Hello PA Wannabe world

Spring of 2008, I decided to close my maternity and lactation consulting business, Mother's Best, when becoming a physician assistant became my new aspiration.

I made the transition back to clinical lab work in microbiology, with the firm goal of readying myself for PA school.  Before I finished the closing of my store, Mother's Best on Jefferson Hwy in Baton Rouge, I was working in microbiology in two hospitals--Lane Regional Medical Center and Our Lady of the Lake Regional Medical Center.
Reading a fungus culture.

Having worked for myself for 15 years, the transition to a heavily structured, micro-managed (no pun intended!) work environment in a large hospital was an eye opener.  However, I embraced all the changes in my schedule, my work, my philosophy, indeed my raison d'etre.  Everything pointed to PA school for me.  I got through some tough days by knowing that each day I was doing something in my effort to get to PA school.

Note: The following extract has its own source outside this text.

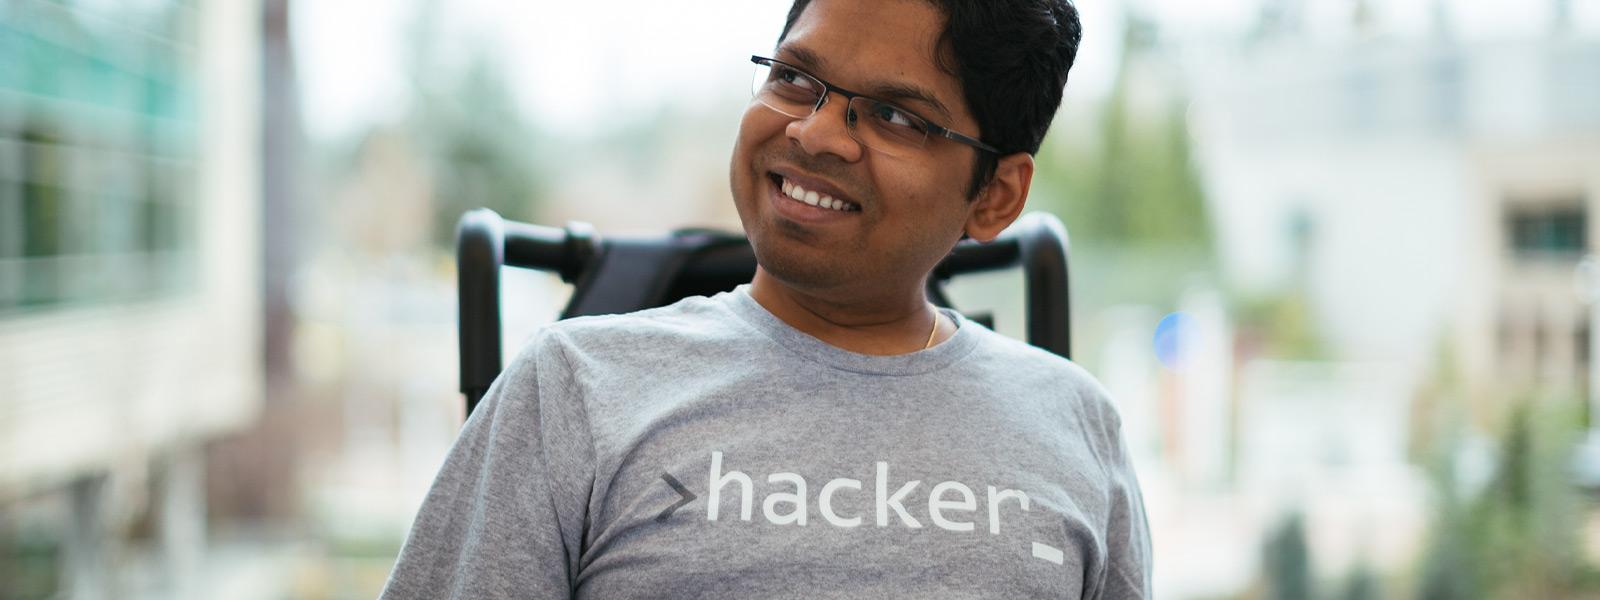 En smilende mann som sitter i en rullestol

I began taking my remaining prerequisites for PA school.  I took Anatomy and Physiology I & II, Statistics, A & P Lab, Medical Terminology at Our Lady of the Lake College  while working at both hospitals and teaching fencing at Baton Rouge Fencing Club.  I also established a youth fencing program at the AC Lewis YMCA in Baton Rouge.  So it was all work, study and fencing!

Every quiz, every test and case study brought me one step closer to my goal of PA school....and that is what kept me going.